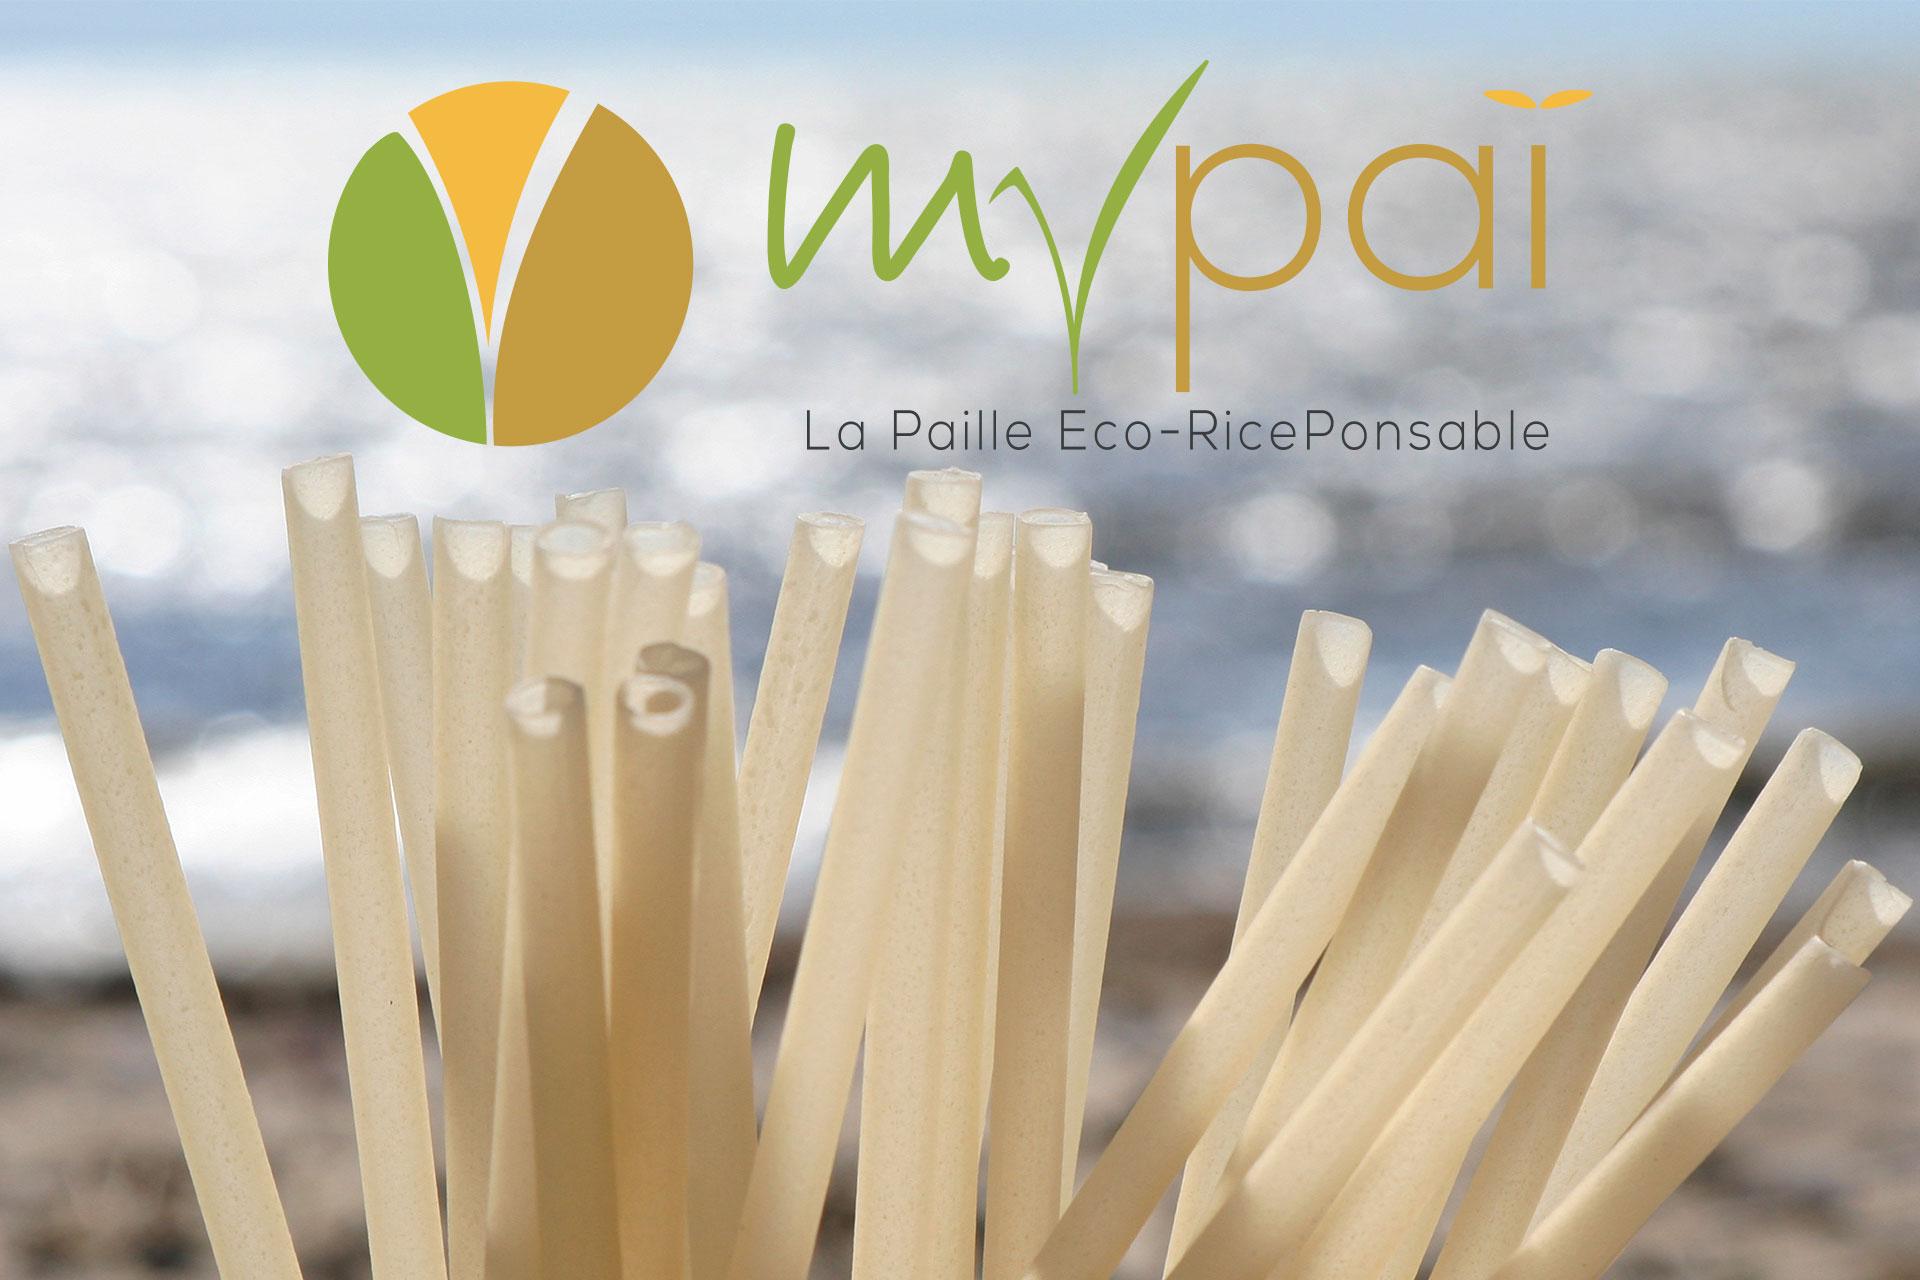 Création graphique MyPai, la paille Eco-Riceponsable
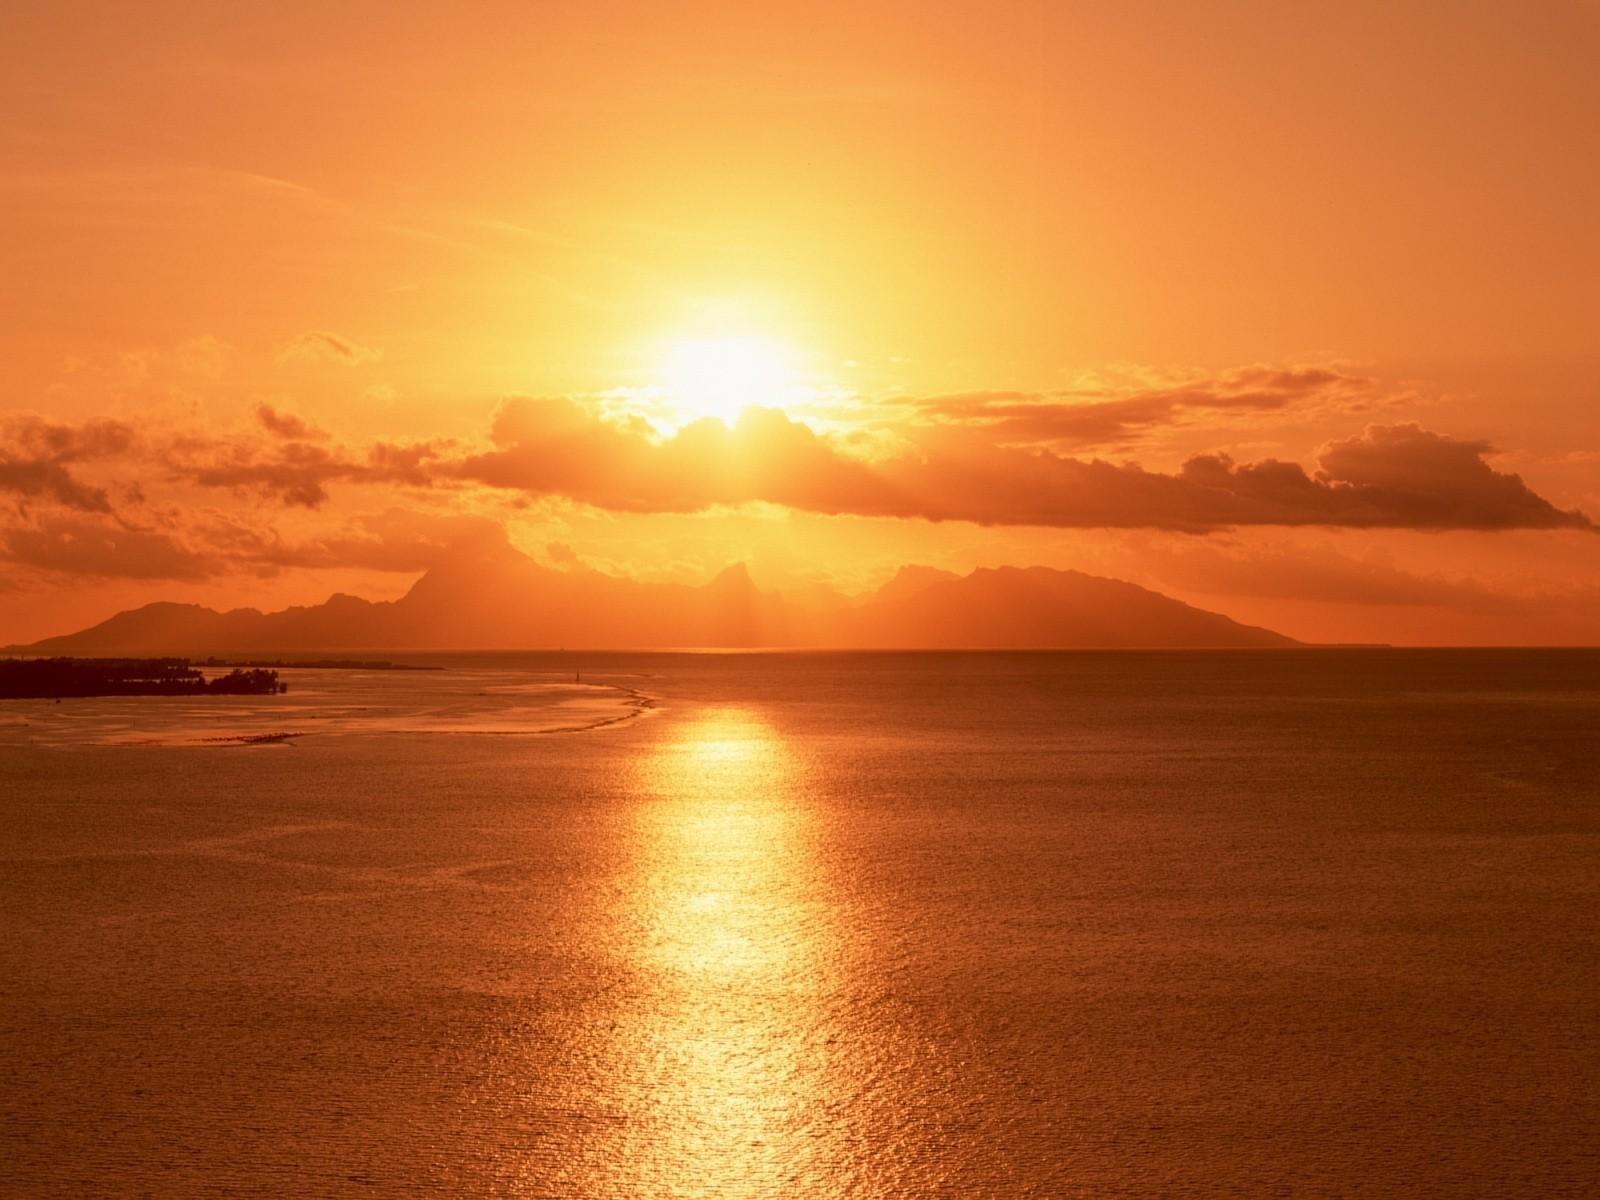 21930 скачать обои Пейзаж, Закат, Море, Солнце, Облака - заставки и картинки бесплатно
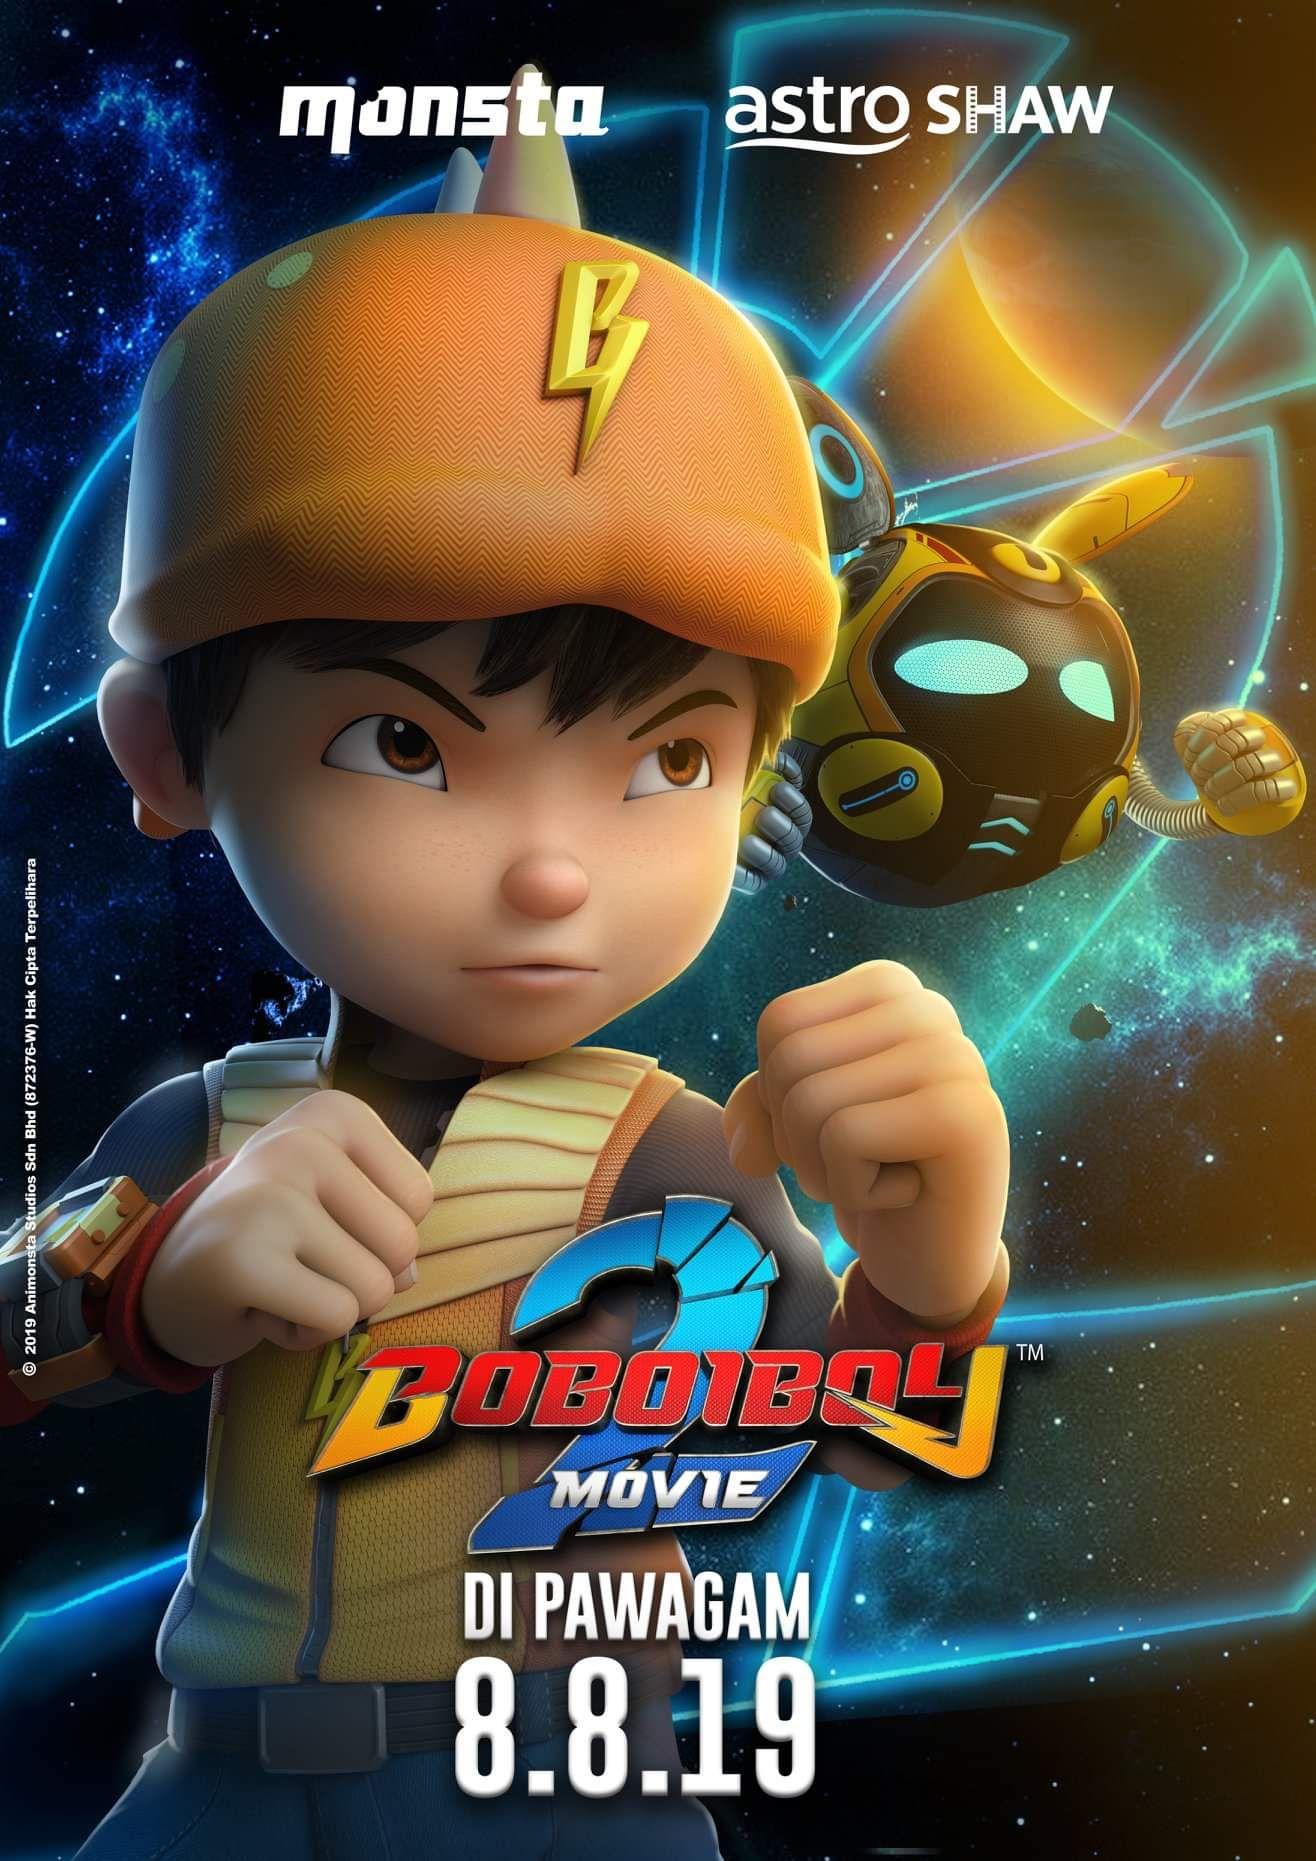 Streaming Boboiboy Movie 2 : streaming, boboiboy, movie, BoBoiBoy, Movie, Boboiboy, Fandom, Galaxy,, Galaxy, Movie,, Anime

## Try it
All of the listing should be transcribed exactly, but none of its images.

## Response to the task
 Création graphique MyPai, la paille Eco-Riceponsable
 21930 скачать обои Пейзаж, Закат, Море, Солнце, Облака - заставки и картинки бесплатно
 Streaming Boboiboy Movie 2 : streaming, boboiboy, movie, BoBoiBoy, Movie, Boboiboy, Fandom, Galaxy,, Galaxy, Movie,, Anime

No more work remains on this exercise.